**HOW TO COMPLETE THIS TASK**
Retype each line of the material exactly, please, skipping any picture in it.

**DATA SEGMENT**

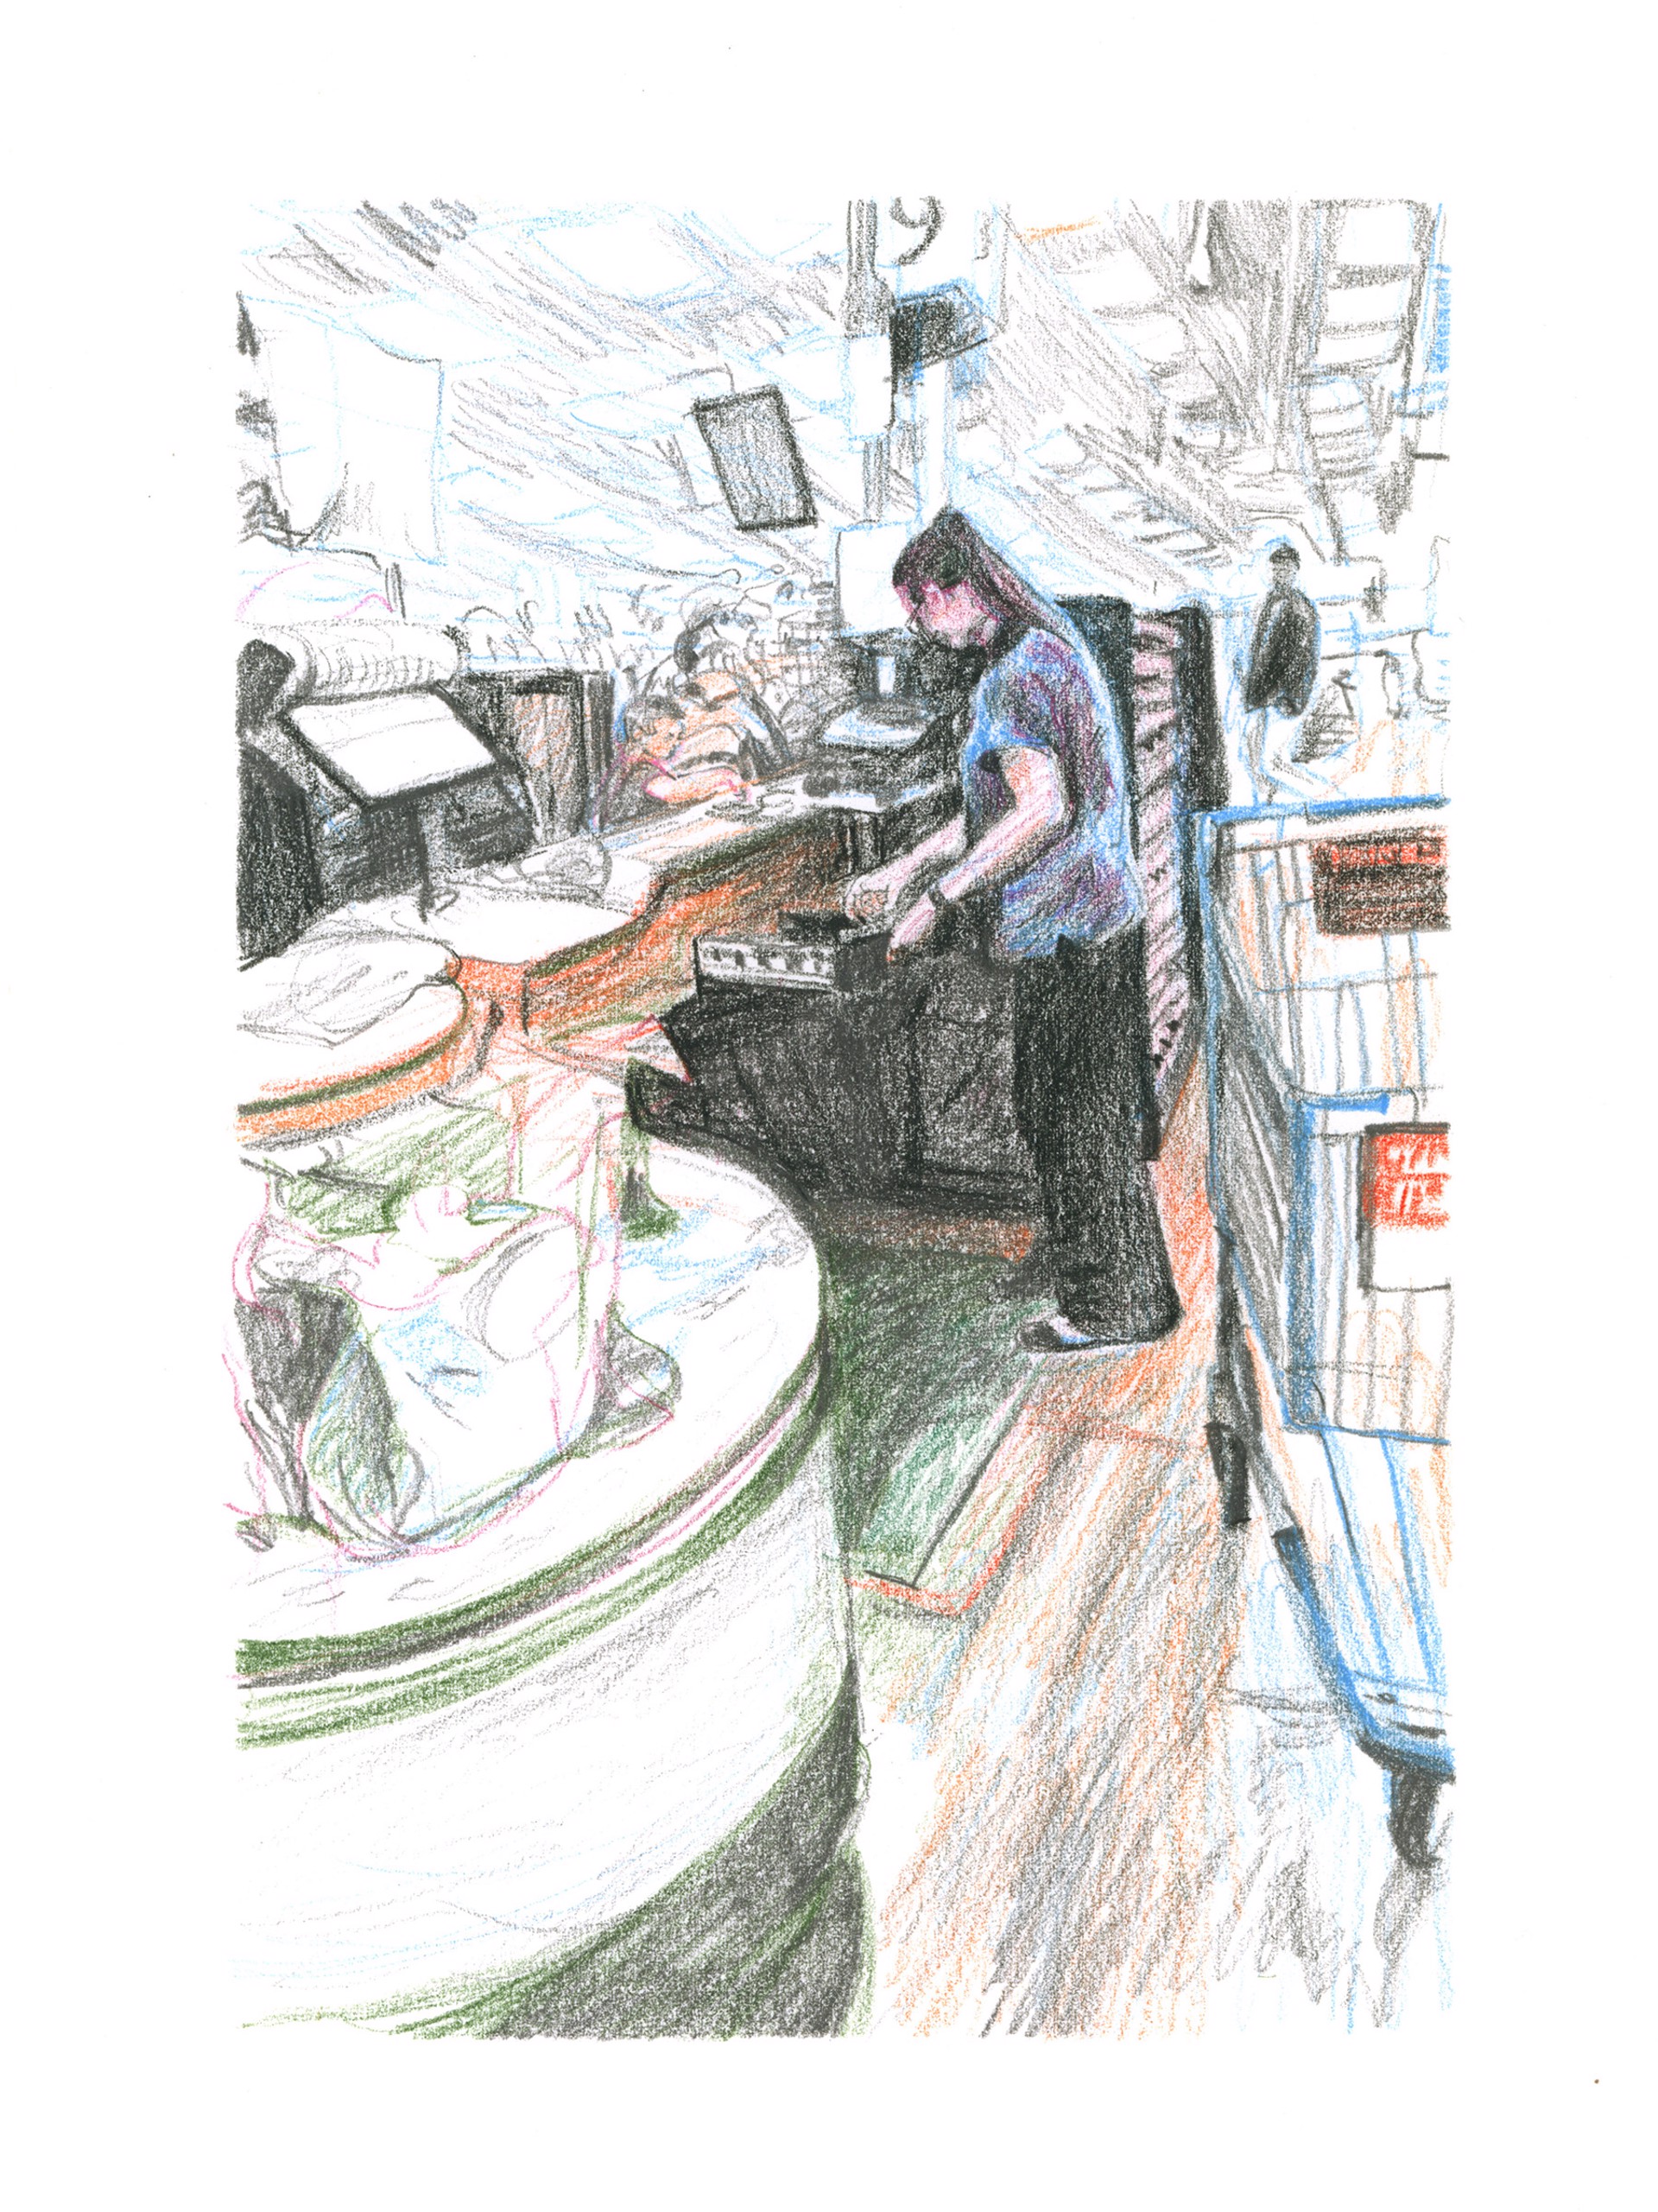 Marketplace/Cashier #45 by Eilis Crean
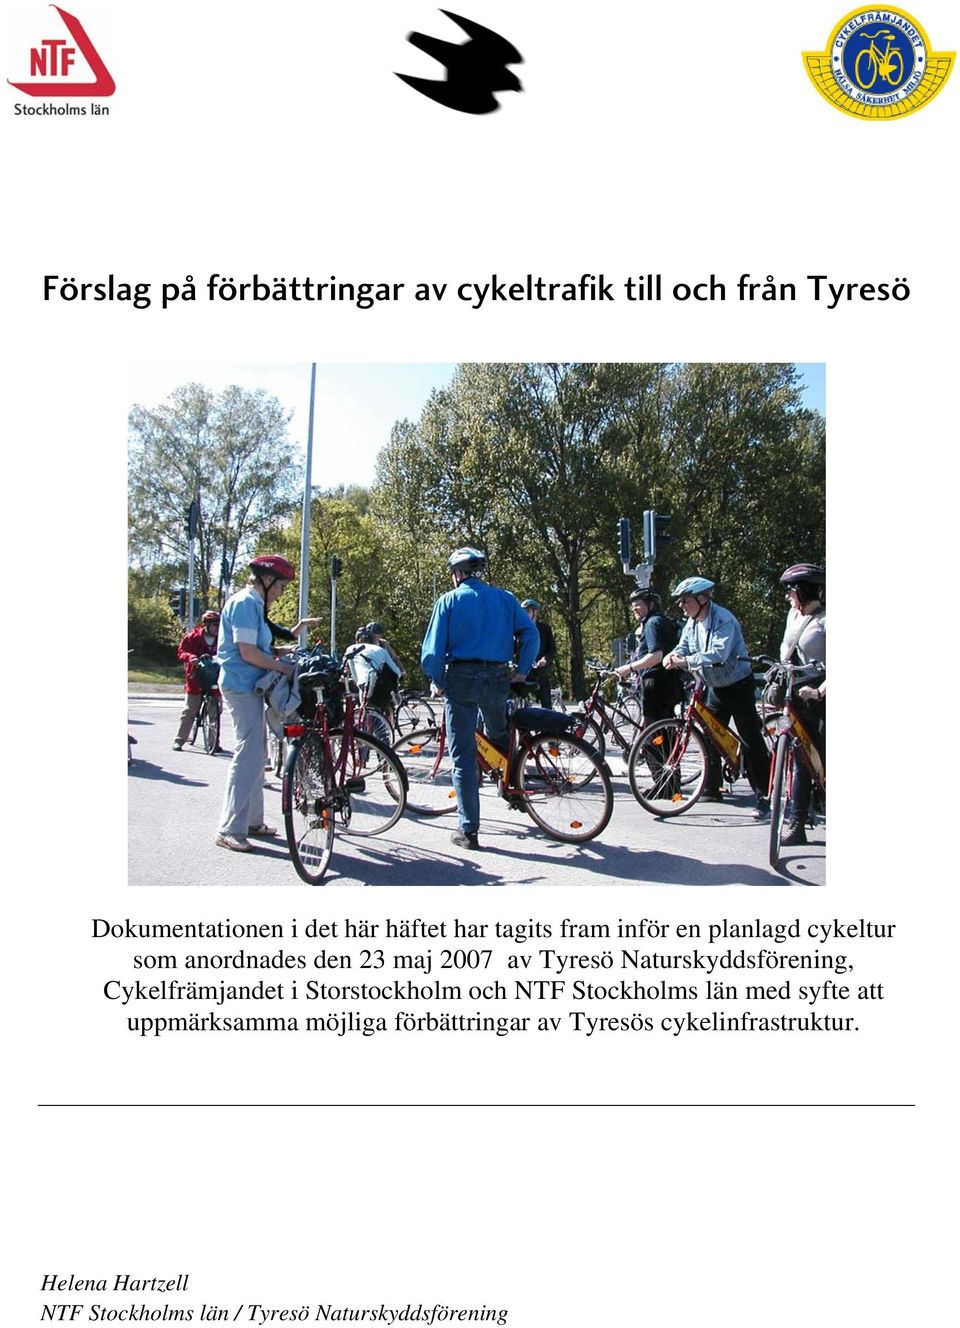 Naturskyddsförening, Cykelfrämjandet i Storstockholm och NTF Stockholms län med syfte att
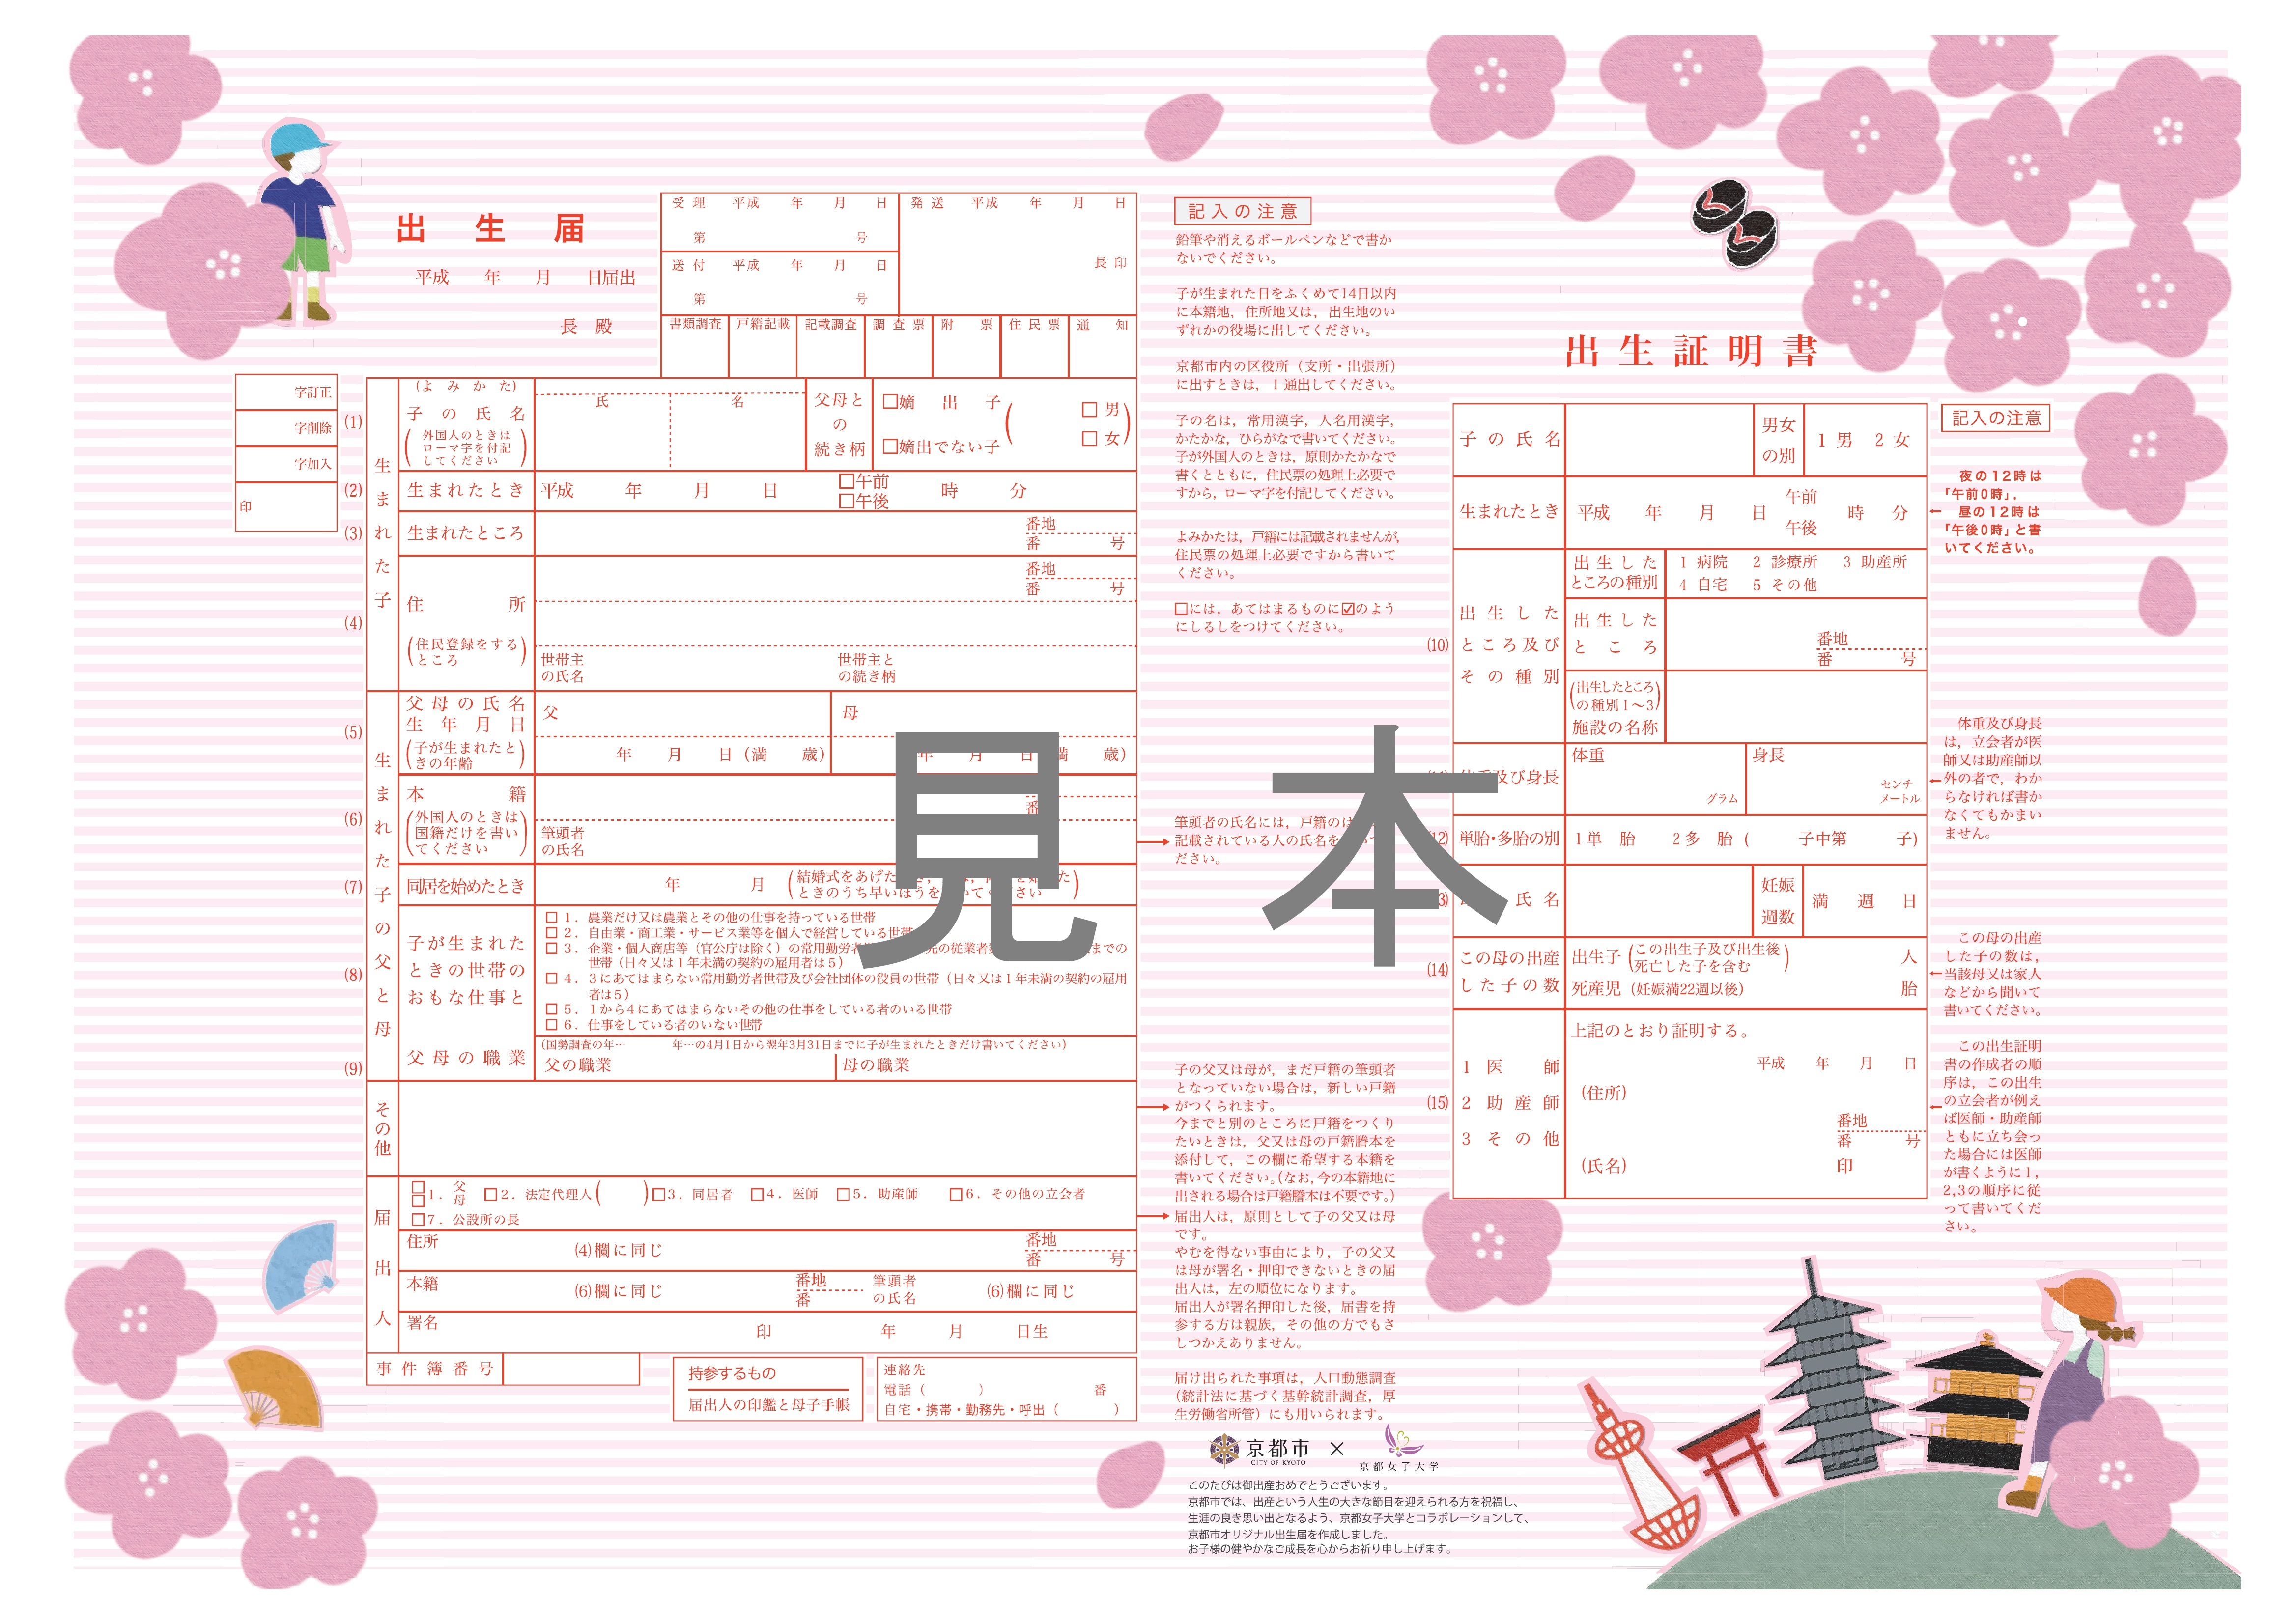 京都市 京都市オリジナル婚姻届 出生届を作成しました

**TASK OUTPUT**
 Marketplace/Cashier #45 by Eilis Crean
 Naturskyddsförening, Cykelfrämjandet i Storstockholm och NTF Stockholms län med syfte att
 京都市 京都市オリジナル婚姻届 出生届を作成しました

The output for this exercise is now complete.